Have regional parties delivered?

They have not offered an alternative path to development to reflect local aspirations

 
By Richard Mahapatra
Published: Monday 15 July 2013

They have not offered an alternative path to development to reflect local aspirations

imageRegional political parties are India’s new electoral box offices. Analysts speculate they will be the key to government formation after the next general elections, so the two competing national parties—the Congress and the Bharatiya Janata Party (BJP)—are cracking tough political equations to win over as many of them as possible. There are valid reasons for this. Since 1984 not a single national party has formed government on its own. The 1980s and ’90s witnessed the electoral boom of regional political parties. Regional parties have been expanding both in number as well as in vote share.

In fact, the number of national parties has come down. In the first Lok Sabha election in 1952, of the 55 parties that contested 18 were regional parties. The number went up to 36 in the 2004 election. In the 1984 general election the regional parties got 11.2 per cent of the votes; in 2009, their share went up to 28.4 per cent. In the past 20 years the share of regional parties in total votes has consistently increased. For the next elections in 2014, analysts estimate regional parties will contest in 150-180 seats where the two national parties may not be significant players.

There is already a certainty in mainstream political dialogue that national parties have ceded space to regional parties. This, according to political pundits, is because the national parties have not been able to address regional “aspirations”.

The big question, therefore, is: have the regional parties lived up to this “aspiration”? Much before the 1980s when the regional parties came to national prominence, they were dominant players in many states like Jammu and Kashmir, Punjab, Odisha and Tamil Nadu. India’s long experiment with regional parties offers little evidence to suggest that regional parties performed differently than national parties. They may have fuelled regional pride but in terms of regional development their performance hardly differed from that of national parties. Rather, regional parties now adopt and implement policies of national parties more aggressively at the state level.

The rise of regional parties was sharp in the late 1980s and ’90s when the country saw acute polarisation of voters in terms of socio-economic groups. During this period voters from the disadvantaged sections took greater part in voting. Many regional parties used this to carve out their political identity. They promised development and social and economic equity in face of economic liberalisation. Regional disparity was stark and livelihood crisis was severe at that point of time. So regional parties did emerge using developmental aspirations of millions of people.
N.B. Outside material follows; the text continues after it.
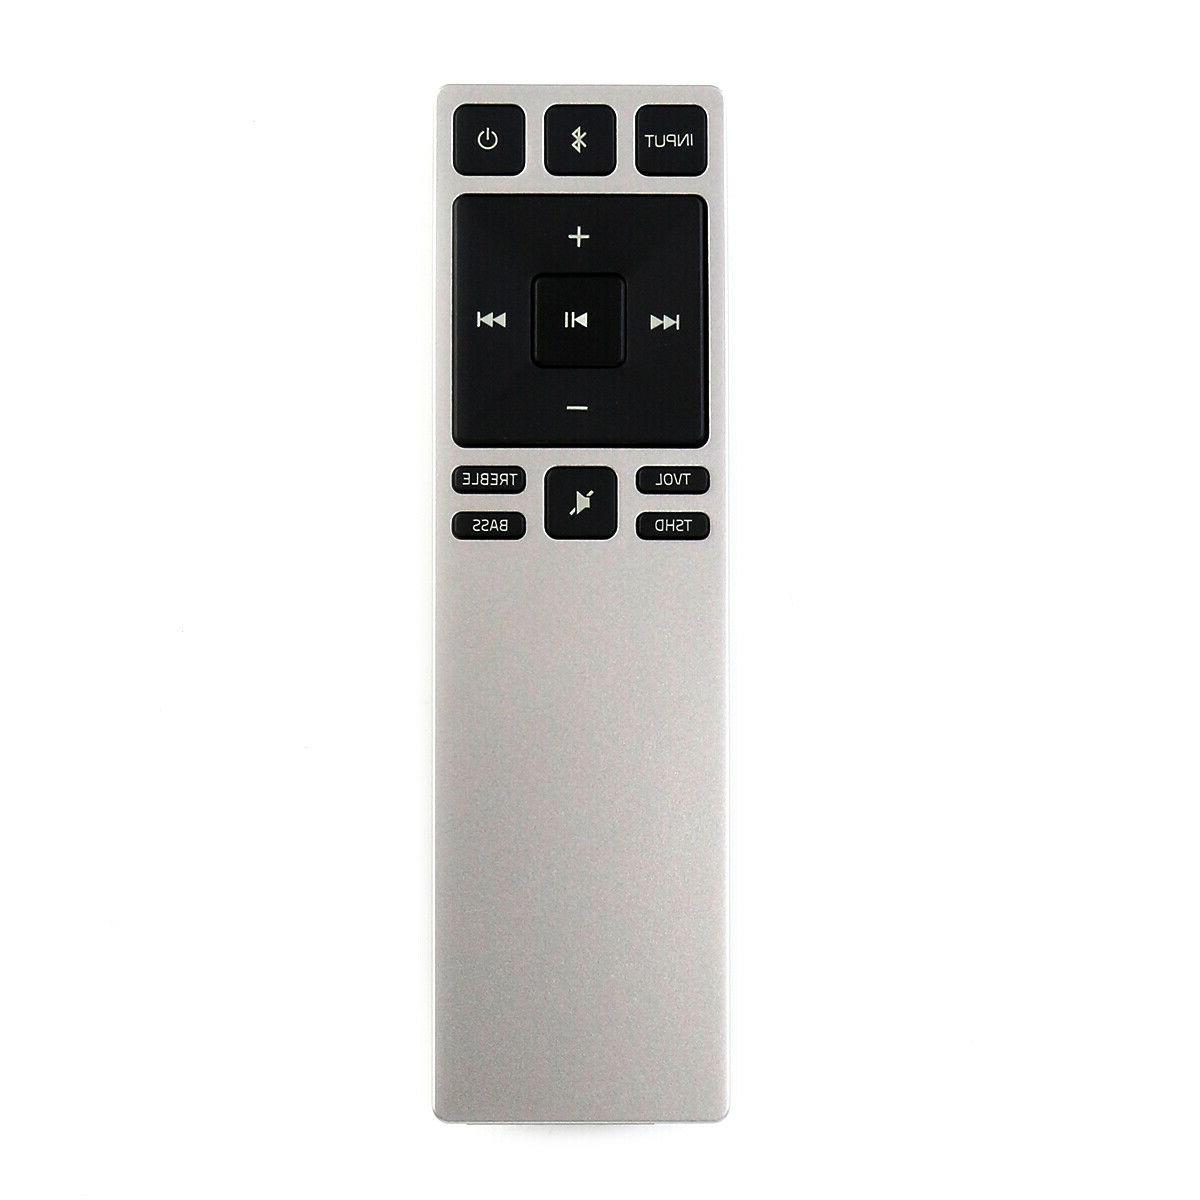 New Remote for Vizio Soundbar S2920W-C0 S3820W-C0 S3821W-C0
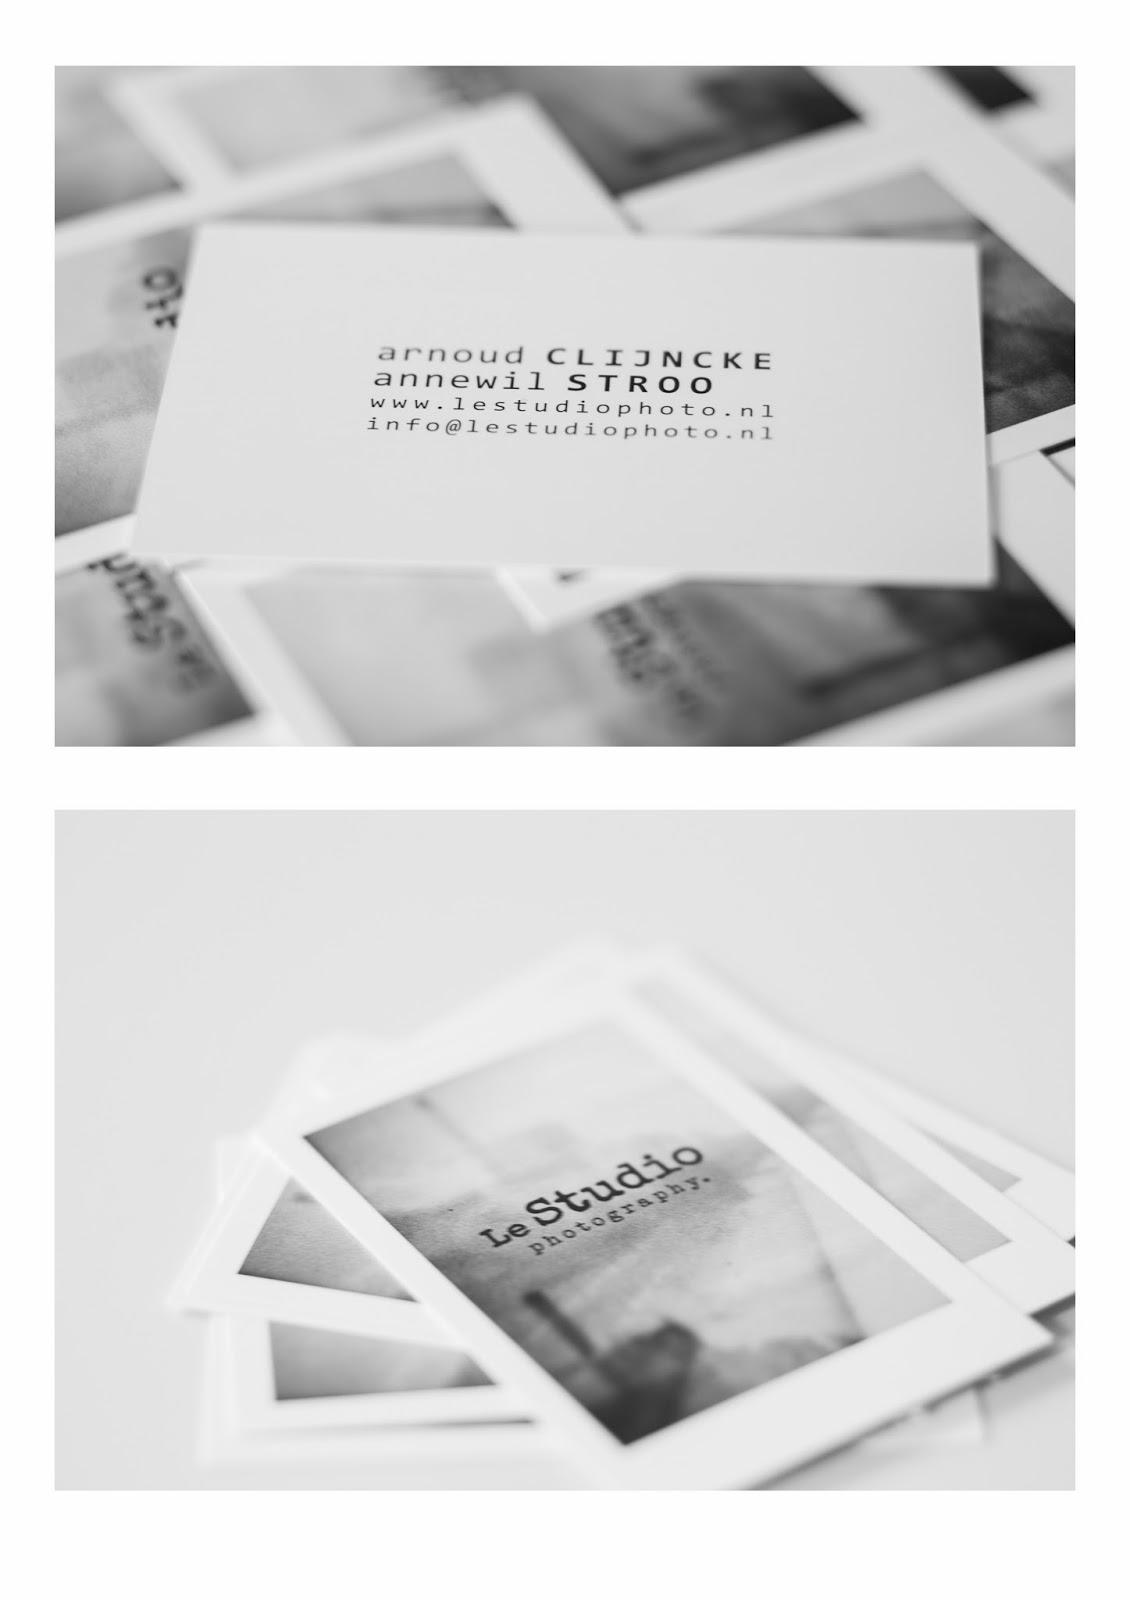 © 2014 Le Studio Photography | www.lestudiophoto.nl

More recently, regional parties have flagged off the issue of federalism prominently in the face of an overarching Central government. Political analysts call their emergence democratisation of politics, where the focus shifted from national parties to local ones, allowing local issues to be reflected in national agenda. This also created many regional leaders for the country that had got used to a couple of top leaders from national parties leading and giving identity to the country. One would assume, the political direction was right.

However, the change in political landscape notwithstanding, the regional parties don’t have much to show in terms of redefining developmental policies that reflect regional aspirations. Whether it is relatively developed Tamil Nadu that elects regional parties for a long period or Odisha, India’s poorest state with a regional party in power for more than a decade, they do not have different economic policies to boast. Rather, there is a rush to adopt economic liberalisation, a national economic policy initiated by the Congress and supported by the other national party, the BJP.

Take, for example, Chandrababu Naidu of the Telugu Desam Party, a key player in Andhra Pradesh. He could not evolve an alternative land and agricultural policy to fix regional disparity. It is the same with Odisha Chief Minister Navin Patnaik representing the Biju Janata Dal. Under his leadership there has not been much change in the lives of the poor. His aggressive industrialisation has led to further precipitation of regional disparity and livelihood crisis. Bihar’s ruling regional party is no different. Chief Minister Nitish Kumar has been courting investments and high GDP growth. Except sporadic land distribution programmes for the poor, there is no concrete step in the direction of fulfilling regional aspirations.

It may be too early to rate regional parties’ development performance. But it has been long enough to gauge a trend. And the trend is that regional parties are divorcing themselves from their assumed mandate of fulfilling local aspirations.